__COLLECTED DATA__:
########

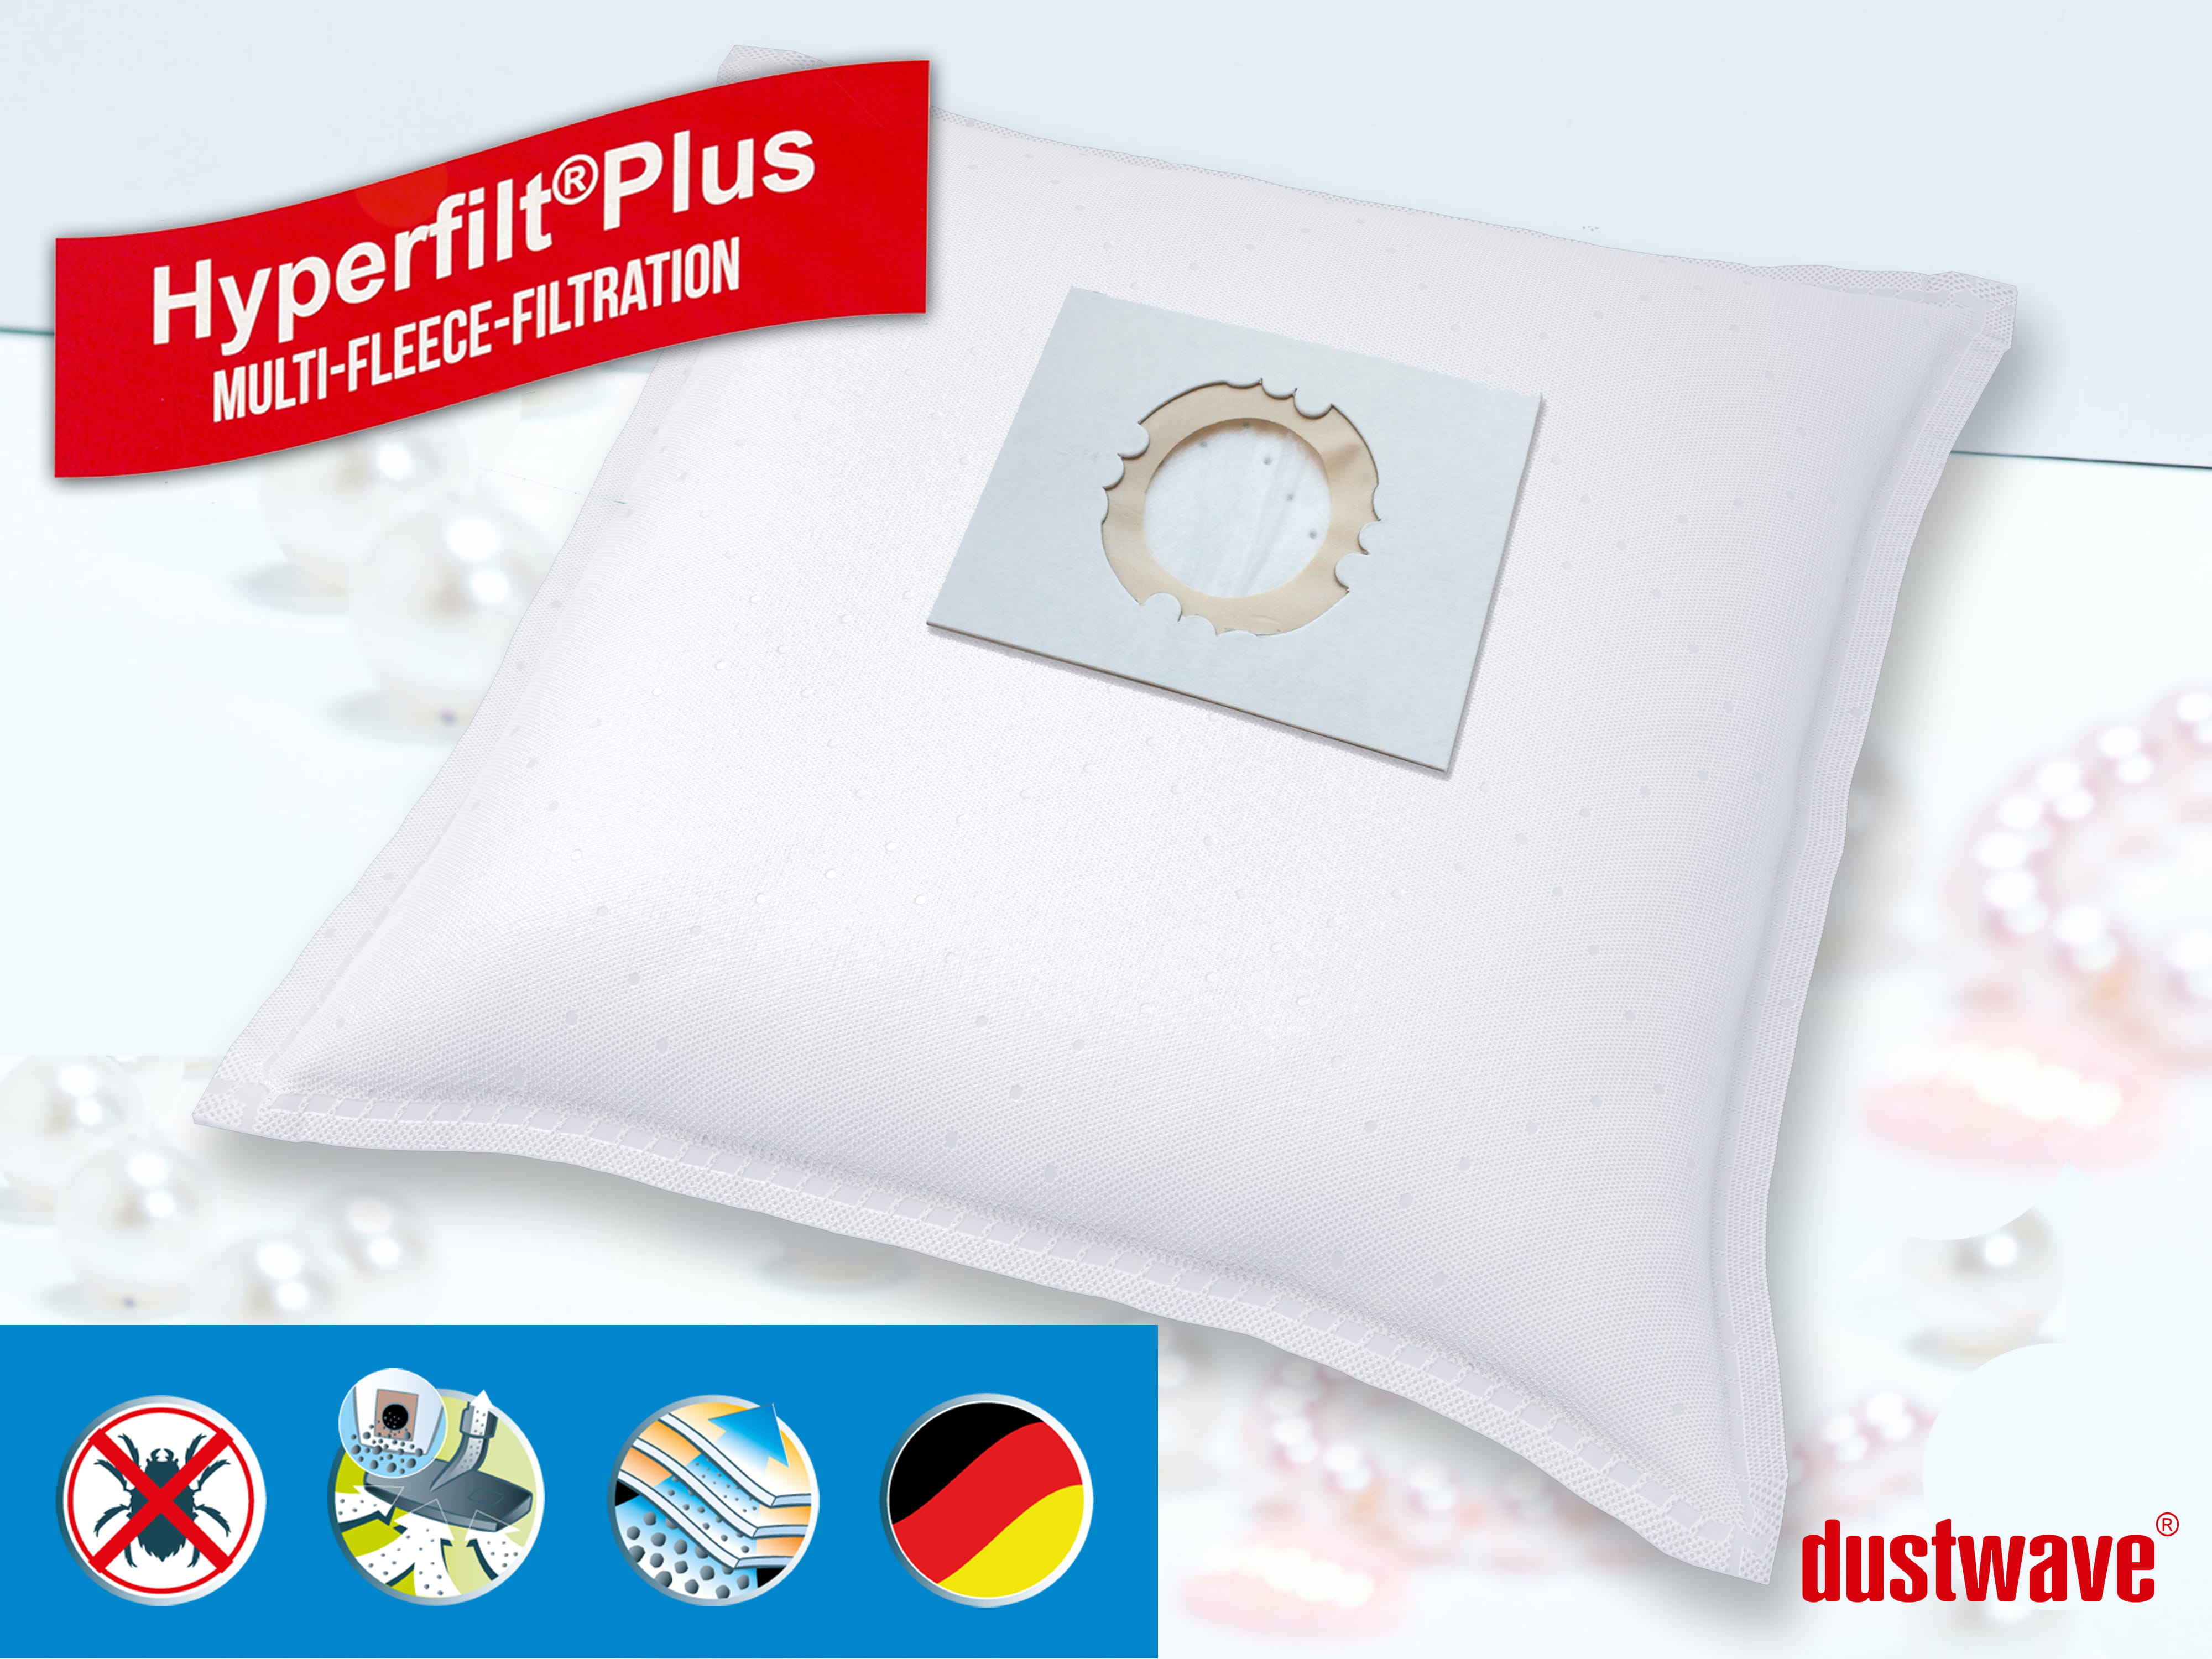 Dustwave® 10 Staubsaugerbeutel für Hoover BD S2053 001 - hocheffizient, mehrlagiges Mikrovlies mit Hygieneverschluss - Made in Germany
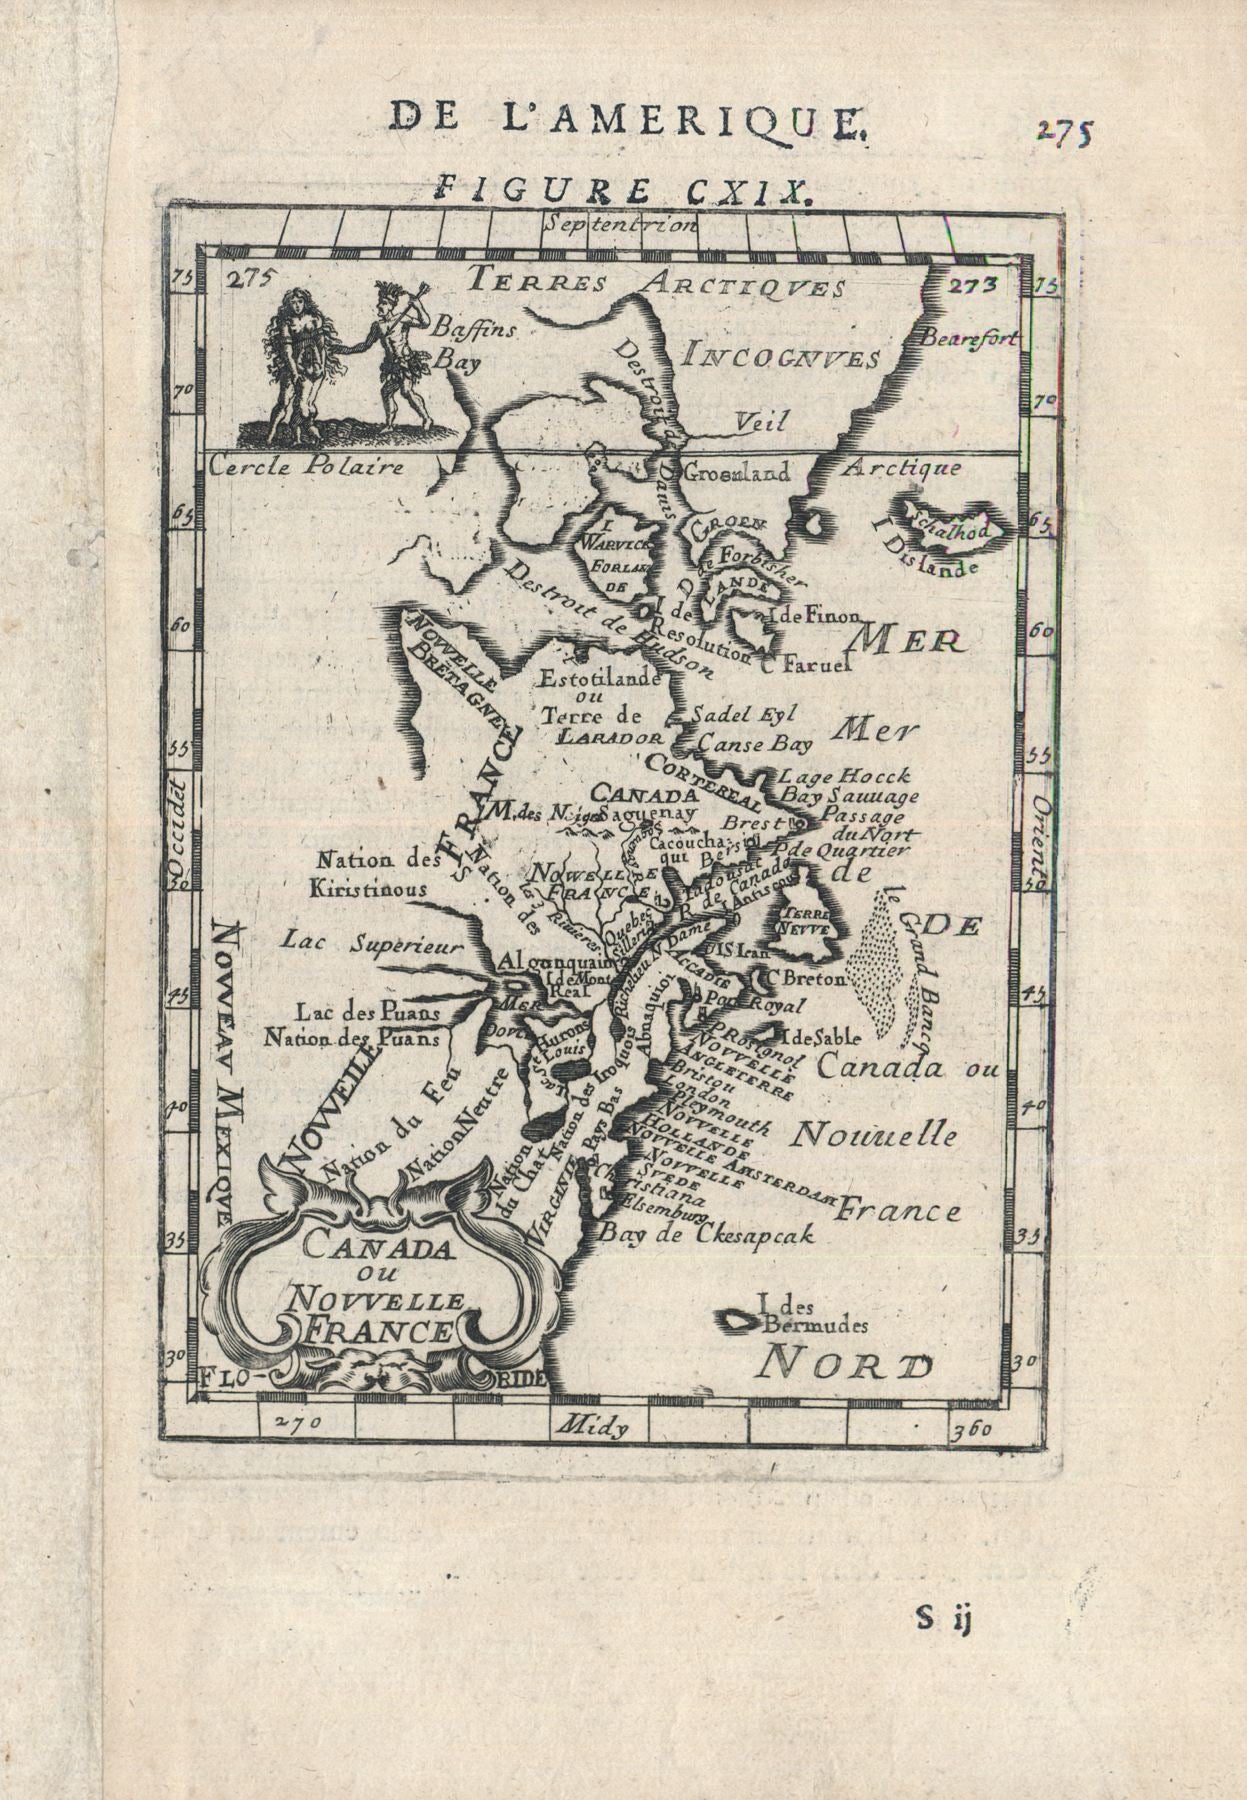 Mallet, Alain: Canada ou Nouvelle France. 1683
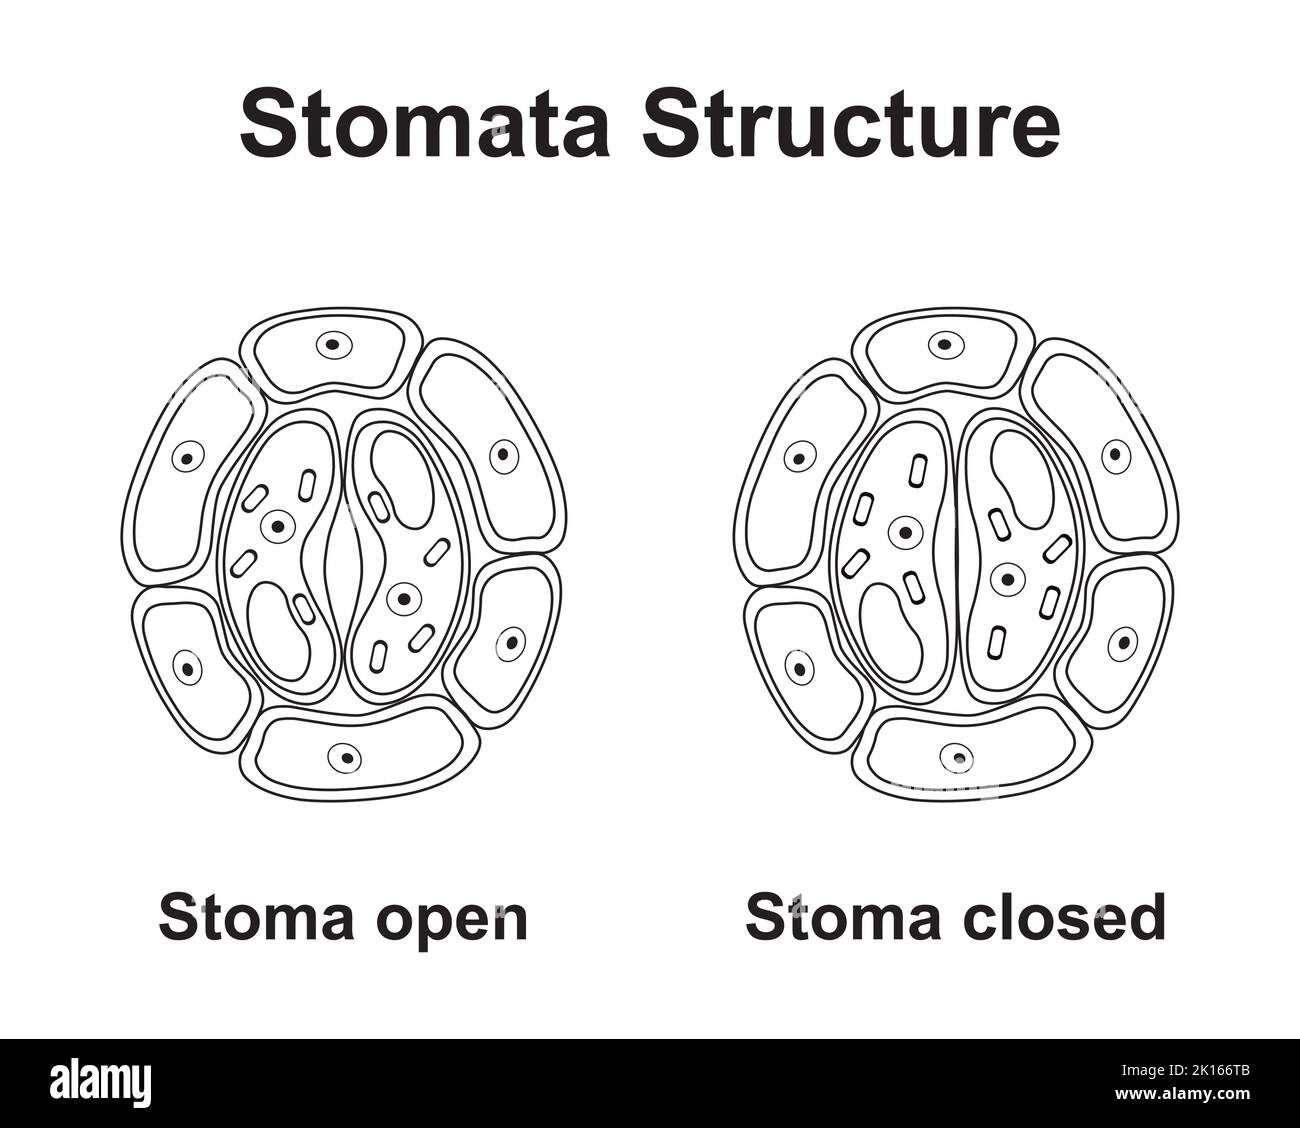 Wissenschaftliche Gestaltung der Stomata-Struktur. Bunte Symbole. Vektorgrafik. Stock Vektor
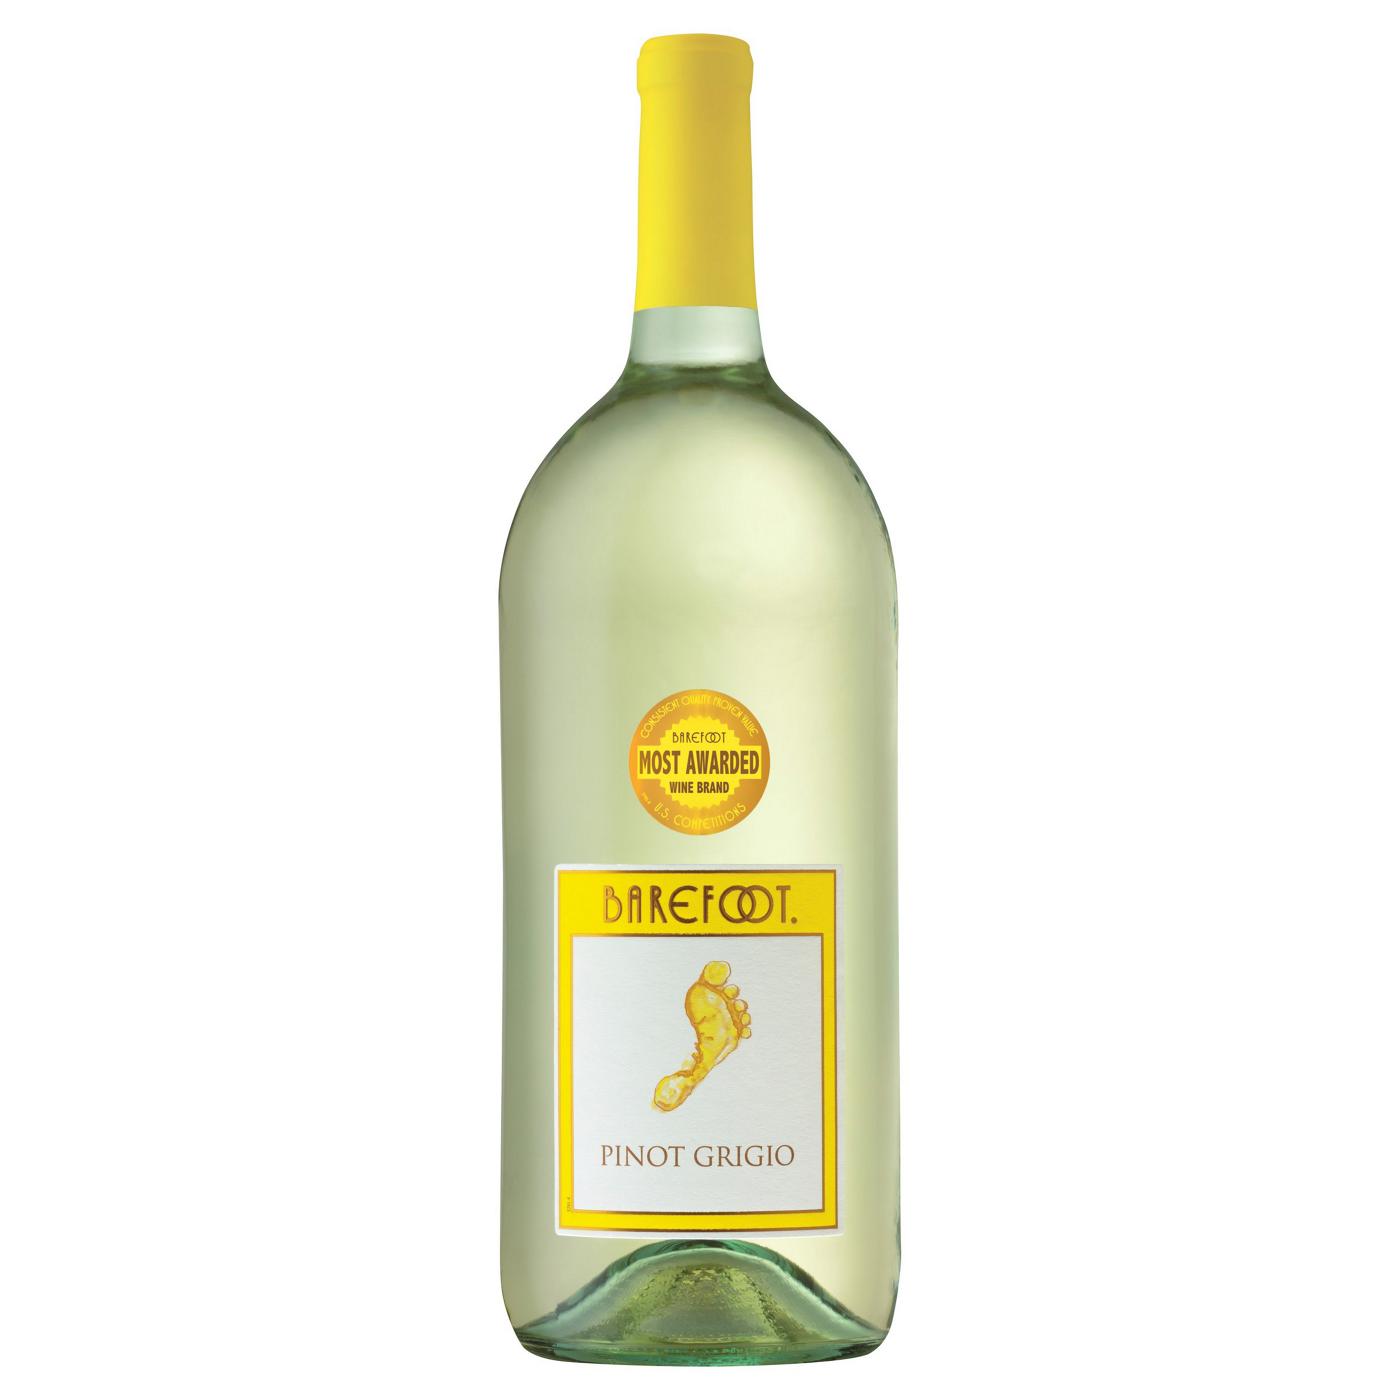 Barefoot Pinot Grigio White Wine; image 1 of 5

########

__DIRECTIONS__: Copy the final stretch of lines, starting at the one that holds "Wissenschaftliche Gestaltung der" and ending at the last line of the data, exactly; omit pictures.

__THE COMPLETED TASK__:
 Wissenschaftliche Gestaltung der Stomata-Struktur. Bunte Symbole. Vektorgrafik. Stock Vektor
 Barefoot Pinot Grigio White Wine; image 1 of 5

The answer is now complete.